The traditional tools and techniques for CTS too often work against the goals of lower power by over-buffering clock trees in order to achieve aggressive clock skew targets. In today’s leading-edge designs, CTS is further complicated by two relatively recent developments: the explosion in the number of modes, corners, and power domains across which the clock must operate, and the increasing resistance and variation in resistance between design corners.
These factors have further complicated clock network implementation and demands new CTS technologies to address these challenges. Designers are in need of CTS solution that concurrently addresses both power and timing. It has become essential to have a power-aware, multi-corner multi-mode (MCMM) CTS with smart clock gate handling, slew shaping, register clumping, and other advanced techniques for reducing power, skew, area, and buffer count.
Multiple Modes, Corners, Power Domains Impact Clock Power
Variability associated with multiple design modes, process corners, and power states makes balancing clocks more challenging than ever. Using a CTS engine that cannot efficiently and accurately represent more than a couple of mode/corner scenarios leads to errors due to multiple manual CTS runs, longer design times, and lost performance and power because of over-buffering and over-margining required when mode/corner/voltage scenarios are processed serially. The business cost is seen in lost market windows and higher design costs as teams try to meet power and timing budgets. However, significant clock power can be reclaimed using advanced MCMM clock tree synthesis (CTS) and optimization.

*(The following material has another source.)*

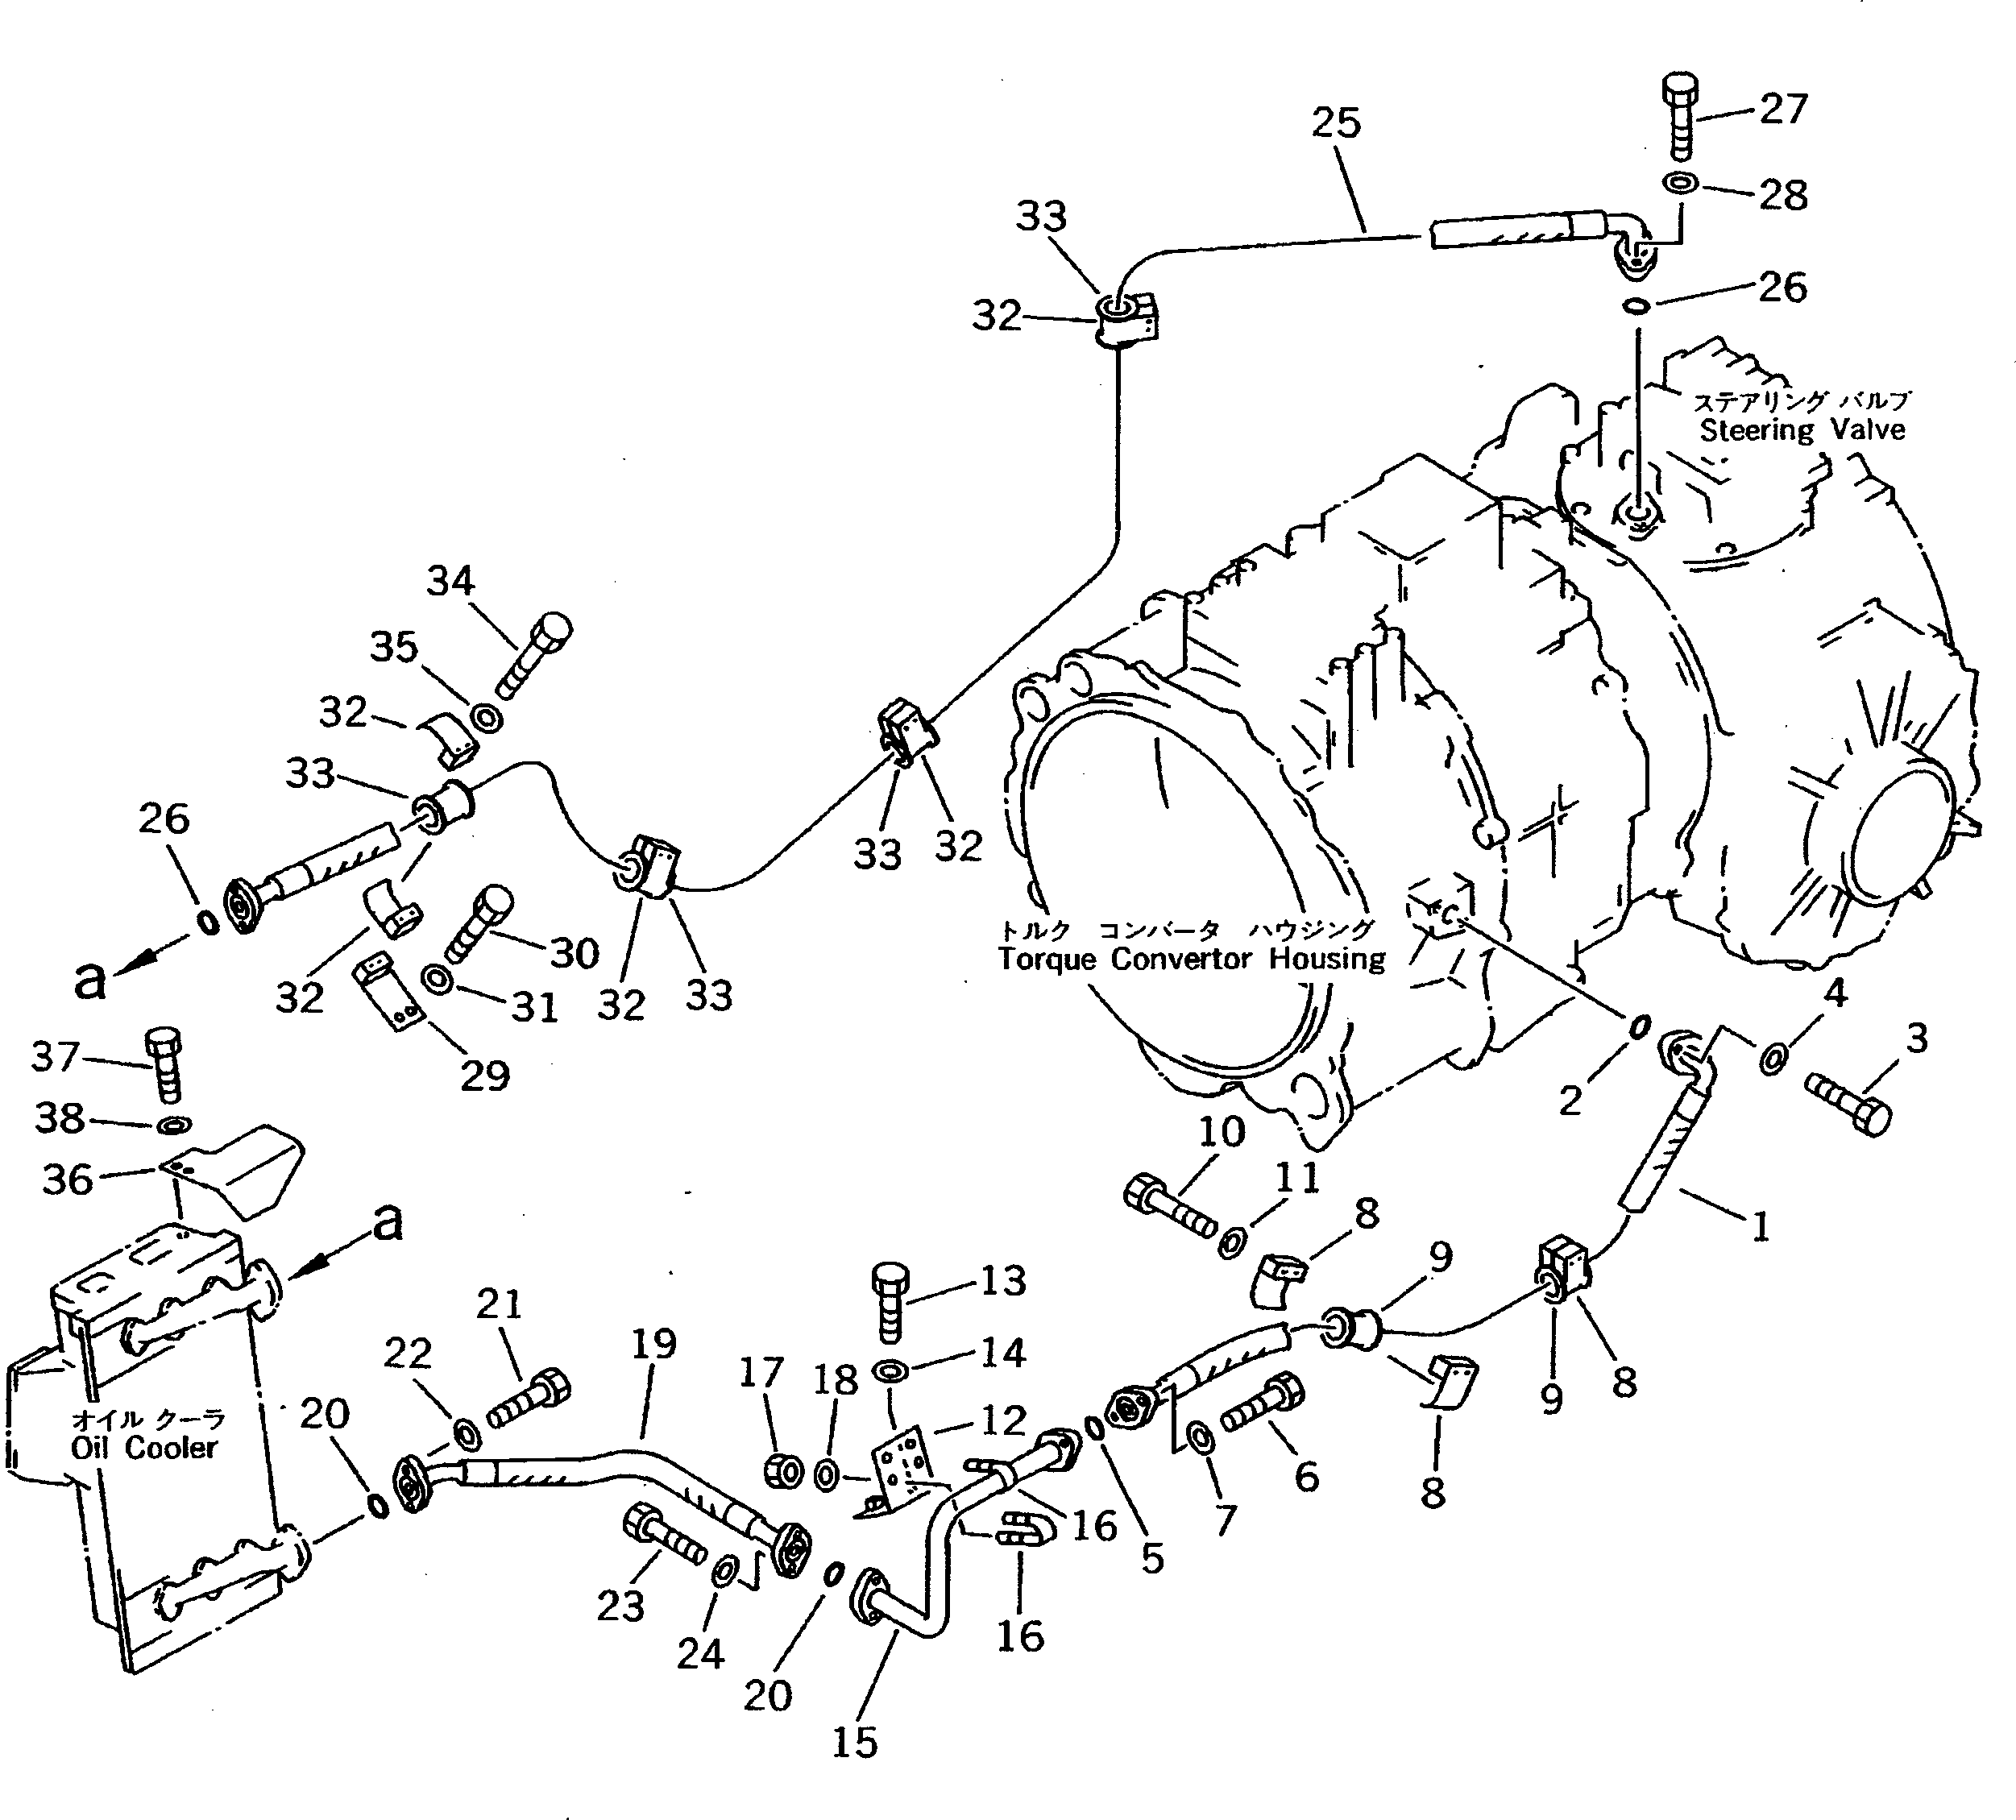 50. OIL COOLER AND OIL LINE (2/2) [C0400-02A0] - Komatsu part D275A-2 S/N 10001-UP [d275a-2c]

Process Scaling Effects on Clock Power
A major effect of the growing variability of resistance is that it leads to large differences in clock skew across different corners. Designing a clock tree for one corner and manually iterating for other corners results in sub-optimal results. Figure 2 shows that clock skew is reduced as more corners are considered concurrently during CTS. The skew variation is much higher when only one corner is considered during CTS, but is markedly reduced as more corners are concurrently analyzed. This illustrates the need for new CTS technology that can optimize skews across all corners concurrently.
Figure 1: Resistance, shown on the left, and variations in resistance, shown on the right,
increase dramatically with shrinking process nodes.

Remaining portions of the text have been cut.